The carotid bodies, the principal peripheral chemoreceptors, are suggested to be a site of SARS‐CoV‐2 invasion because they are the site of the local expression of the receptor of angiotensin‐converting enzyme (ACE) 2. Increased peripheral arterial chemosensitivity and reflex SNS overactivation might have been associated with the increased day‐to‐day BP variability in the critically ill COVID‐19 patients reported by Li and coworkers.

Although it is not completely clear whether increased BP variability is a cause or simply an index of decreased arterial compliance, one major determinant of BP variability depends on the sensitivity of baroreceptor function. Namely, vascular structural changes may reduce baroreceptor sensitivity (BRS) in hypertension. Decreased large arterial compliance, which contributes to the depressed BRS in young hypertensives, might enhance the BP fluctuations associated with minor changes in the cardiac stroke volume due to ANS instability.

In the data from the United Kingdom Biobank, the patients who died due to COVID‐19 had significantly higher arterial stiffness as well as significantly lower left ventricular stroke volume compared with those who survived.

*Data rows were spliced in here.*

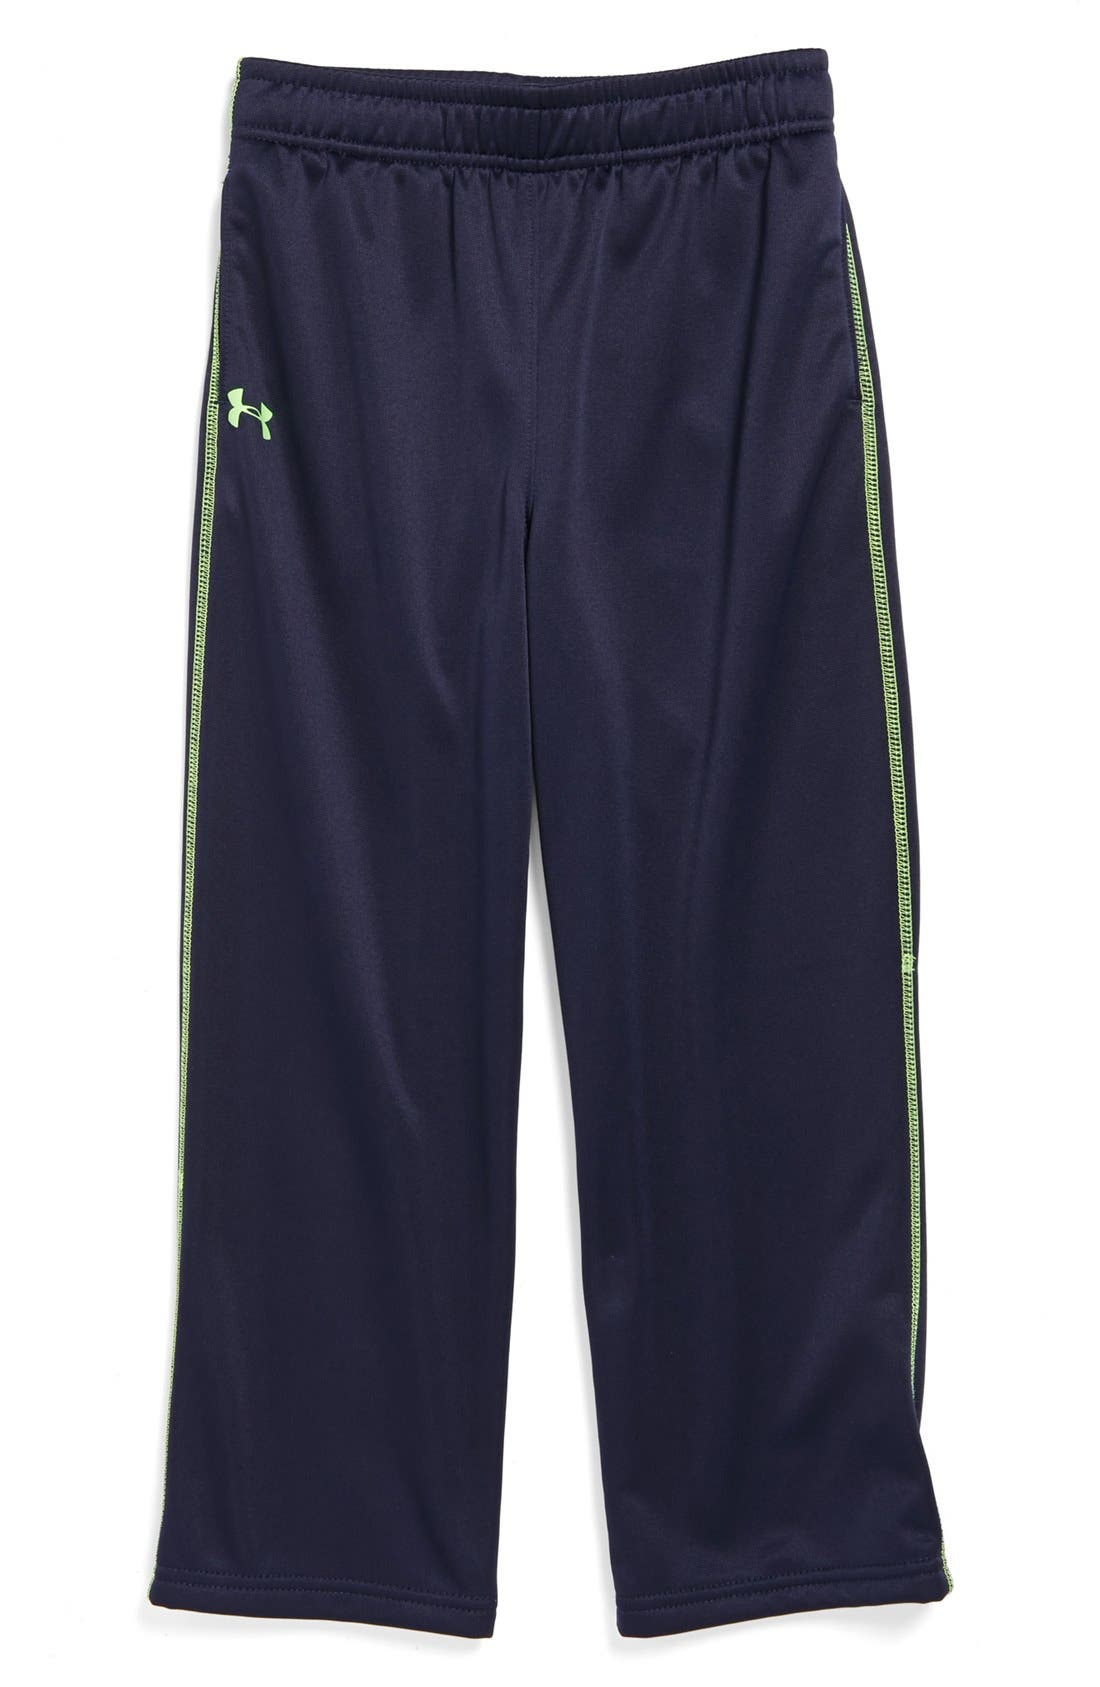 Alternate Image 1 Selected - Under Armour Fleece Lined AllSeasonGear® Pants (Little Boys)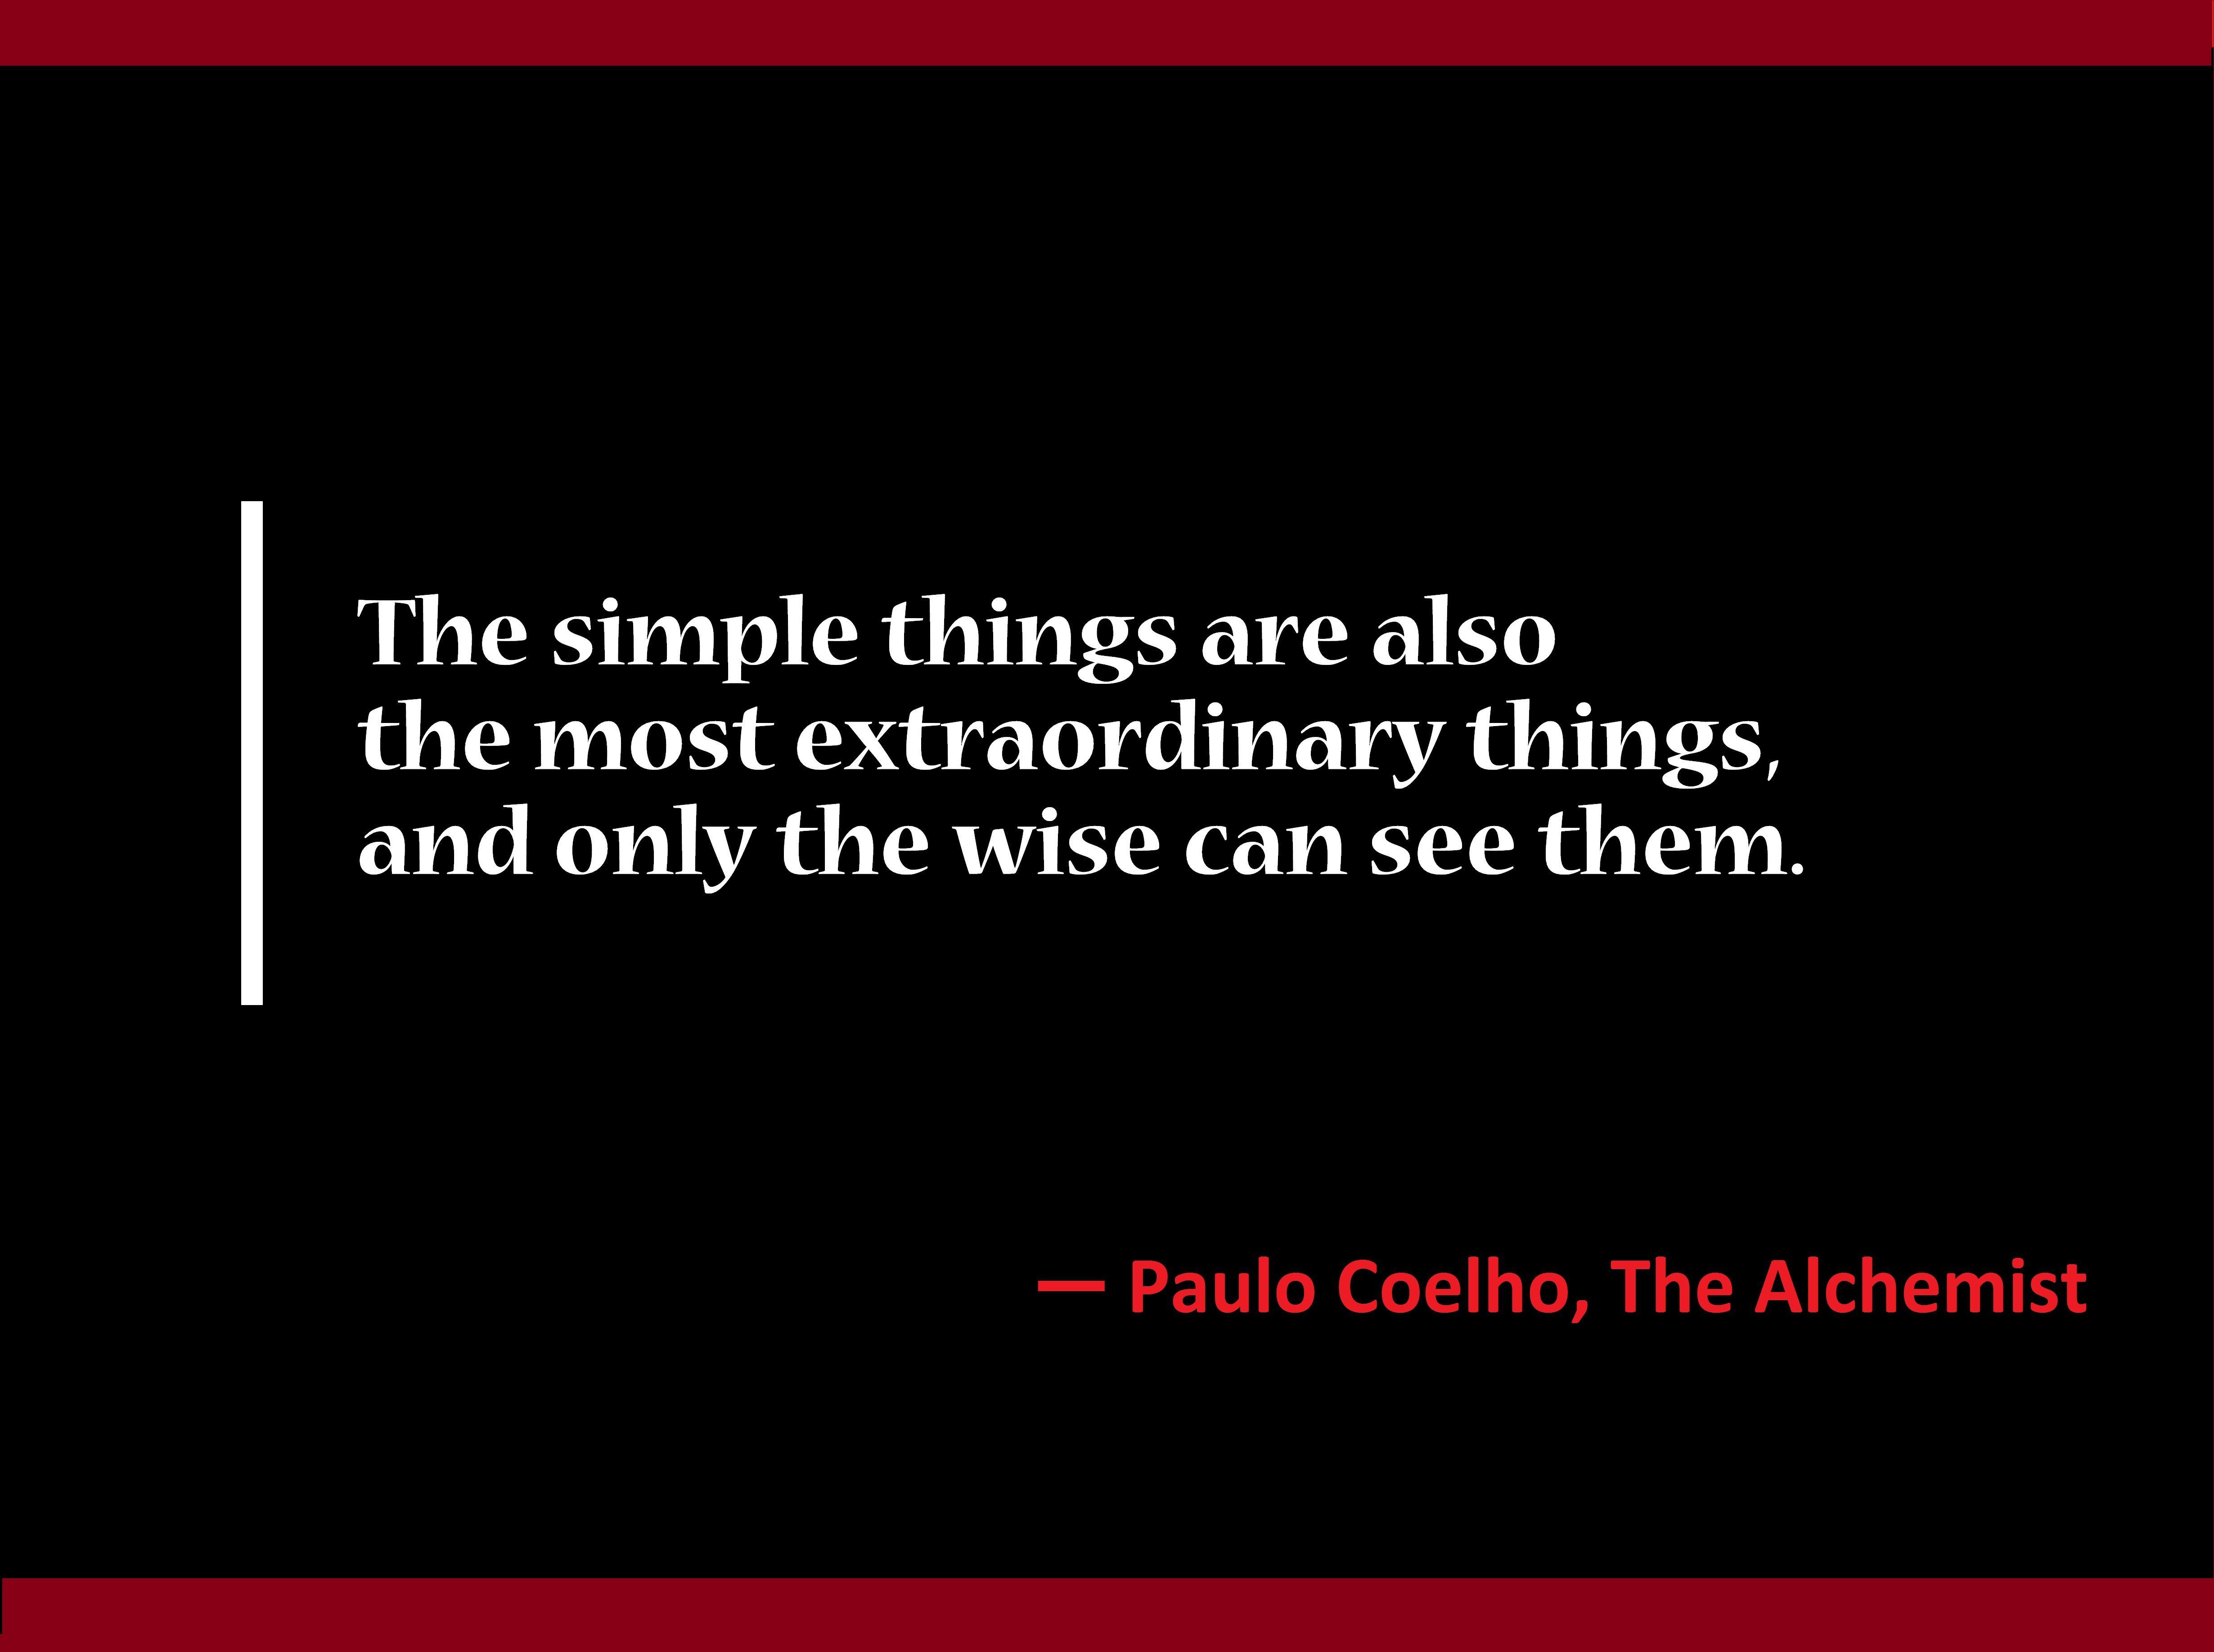 All Quotes from The Alchemist (Paulo Coelho) - JackSparo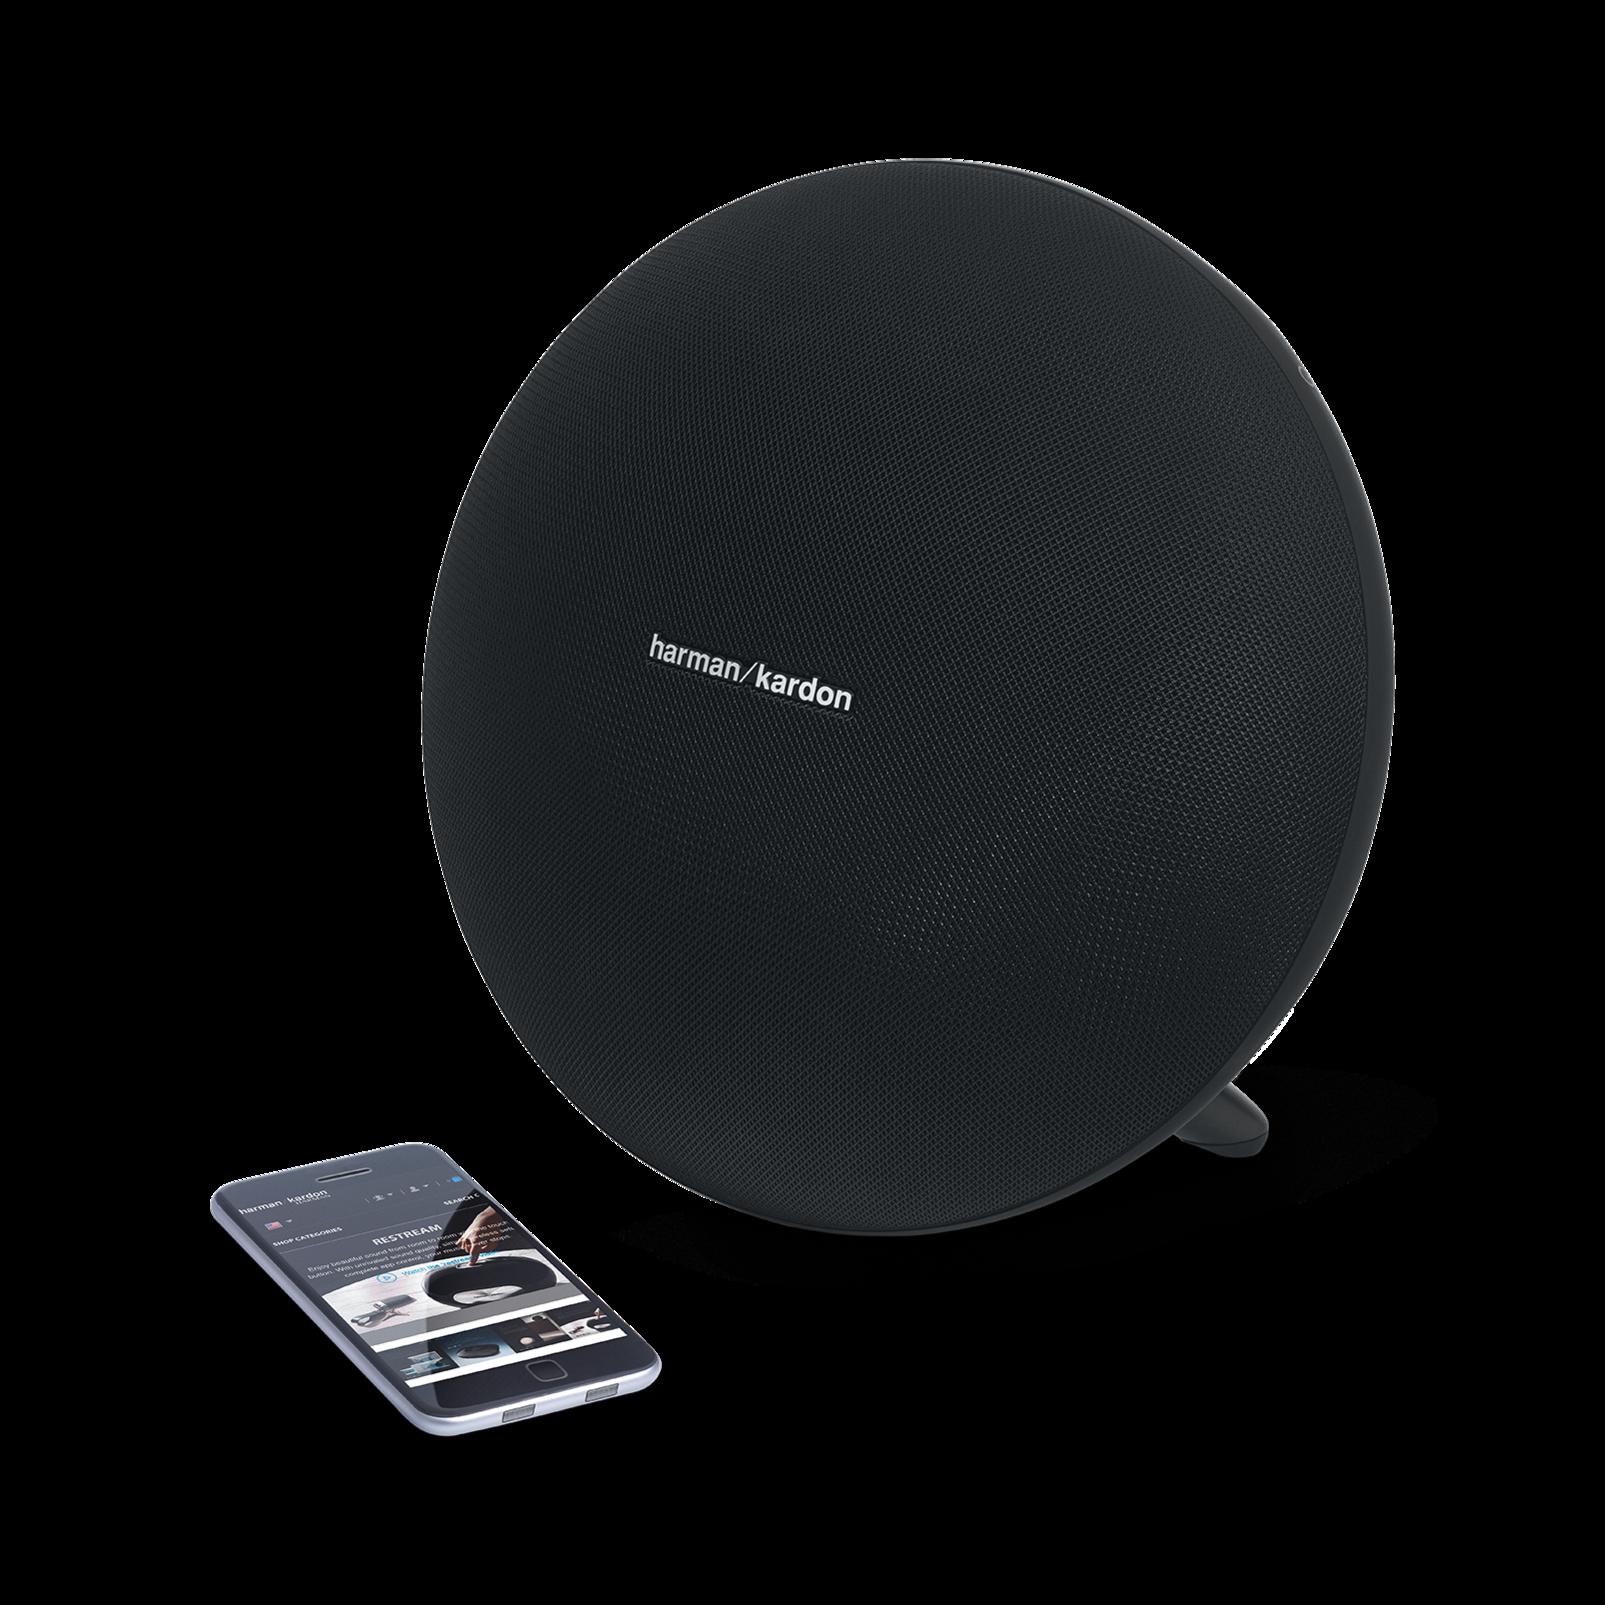 Onyx Studio 3 - Black - Portable Bluetooth Speaker - Detailshot 1

SNS overactivity, dysregulation of the renin‐angiotensin system, and altered ACE‐expression are suggested to lead to the adverse structural and functional remodeling of the arteries, that is, linked to the increased large arterial stiffness in patients with COVID‐19. Moreover, higher SNS activity is associated with vasoconstriction of the coronary microvasculature, and with change in the oxygen demand of cardiomyocytes. Thus, in the critically ill COVID‐19 patients, increased large arterial stiffness, depressed BRS, and impaired cardiac function are suggested to be pivotal determinants for the exaggerated day‐to‐day BP variability (Figure 1).

FIGURE 1

A possible pathway for the relationship between COVID‐19 infection and increased day‐to‐day BP variability. Abbreviations: COVID‐19, coronavirus disease 2019; PBN, parabrachial nucleus; NTS, nucleus tractus solitarius; RVLM, rostral ventrolateral medulla; BRS, baroreceptor sensitivity; SARS‐CoV‐2, severe acute respiratory syndrome coronavirus 2; ACE, angiotensin‐converting enzyme; SNS, sympathetic nervous system; BRS, baroreceptor sensitivity; BP, blood pressure

Until now, there have been few reports assessing the relationship between day‐to‐day BP variability and unfavorable outcome in COVID‐19. In addition to strict BP control, , it might be important to minimize day‐to‐day BP variability in order to prevent the deterioration of COVID‐19 patients into critical illness. The data presented in the study by Li and coworkers, thus, make an important contribution, provided that they are considered within the context of the precise pathophysiology underlying the relationship between COVID‐19 infection and day‐to‐day BP variability.

CONFLICT OF INTEREST

The authors declare no conflict of interest.